Volkswagen Group unveiled its “Omnidirectional Intelligent Agent AI” product and technology roadmap at this auto show, announcing that the technology will be applied to mass-produced vehicles by the end of 2026, comprehensively empowering new CEA-architecture vehicles with intelligent agent AI capabilities.

BMW, based on Alibaba's Qwen large language model, has launched three AI agents specifically tailored for the Chinese market – "Car Expert," "Travel Companion," and "Knowledge Master," covering three major scenarios: car usage, travel, and knowledge Q&A.
Mercedes-Benz also showcased its AI-powered intelligent cockpit and advanced driver-assistance systems built on the MB.OS platform at the auto show.

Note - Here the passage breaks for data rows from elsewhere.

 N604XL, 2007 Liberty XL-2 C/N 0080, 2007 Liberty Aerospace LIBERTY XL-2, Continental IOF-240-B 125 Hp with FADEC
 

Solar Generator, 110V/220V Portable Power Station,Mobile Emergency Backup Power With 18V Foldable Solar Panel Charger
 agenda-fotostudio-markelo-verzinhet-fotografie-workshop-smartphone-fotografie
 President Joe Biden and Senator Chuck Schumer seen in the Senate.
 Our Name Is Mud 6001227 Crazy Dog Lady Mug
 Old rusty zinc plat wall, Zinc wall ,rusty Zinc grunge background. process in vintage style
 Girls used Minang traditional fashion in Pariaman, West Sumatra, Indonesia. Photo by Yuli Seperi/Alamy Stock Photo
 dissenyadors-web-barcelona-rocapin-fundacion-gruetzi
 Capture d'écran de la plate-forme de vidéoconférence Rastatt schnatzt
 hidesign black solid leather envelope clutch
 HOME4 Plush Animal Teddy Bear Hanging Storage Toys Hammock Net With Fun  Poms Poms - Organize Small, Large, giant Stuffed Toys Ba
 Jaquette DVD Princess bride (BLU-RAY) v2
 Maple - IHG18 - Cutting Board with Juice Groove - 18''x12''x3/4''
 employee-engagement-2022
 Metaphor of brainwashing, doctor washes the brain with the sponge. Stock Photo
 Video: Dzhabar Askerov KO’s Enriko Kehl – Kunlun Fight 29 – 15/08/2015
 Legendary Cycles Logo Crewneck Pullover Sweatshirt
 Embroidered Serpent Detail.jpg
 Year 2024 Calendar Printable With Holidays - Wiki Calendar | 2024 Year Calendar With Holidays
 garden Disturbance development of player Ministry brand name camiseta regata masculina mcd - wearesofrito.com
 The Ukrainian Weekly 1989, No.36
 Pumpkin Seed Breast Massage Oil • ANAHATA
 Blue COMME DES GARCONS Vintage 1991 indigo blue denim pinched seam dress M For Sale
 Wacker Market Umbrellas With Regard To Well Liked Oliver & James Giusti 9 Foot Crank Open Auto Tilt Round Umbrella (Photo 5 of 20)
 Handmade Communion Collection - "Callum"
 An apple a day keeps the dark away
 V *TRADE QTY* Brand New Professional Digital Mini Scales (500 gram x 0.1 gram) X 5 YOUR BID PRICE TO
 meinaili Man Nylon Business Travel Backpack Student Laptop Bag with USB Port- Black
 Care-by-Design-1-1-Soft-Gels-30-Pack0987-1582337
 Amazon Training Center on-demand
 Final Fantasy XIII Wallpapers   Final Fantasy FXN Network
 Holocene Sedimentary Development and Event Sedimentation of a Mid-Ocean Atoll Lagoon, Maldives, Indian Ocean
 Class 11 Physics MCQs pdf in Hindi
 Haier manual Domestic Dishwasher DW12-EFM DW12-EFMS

A journalist from Germany’s ZDF television station remarked meaningfully on-site at the auto show: “Chinese electric vehicles are getting better and better, their performance is stronger, and their designs are increasingly bold—reshaping the global automotive market at an unprecedented pace.”
And the observation from Qatar's Al Jazeera was more straightforward: "The competitiveness of Chinese domestic car manufacturers is no longer just about price, but also competing in innovative concepts. This auto show sometimes resembles more of a technology expo."
However, beyond the narrative of "China's home ground," anxiety is equally palpable.
Amid this noise, a deeper challenge is emerging: as AI Agents move from concept to mass production, and from technical demonstrations into users' daily driving, the issue they face is no longer "whether it can be done" but "whether it is worth using."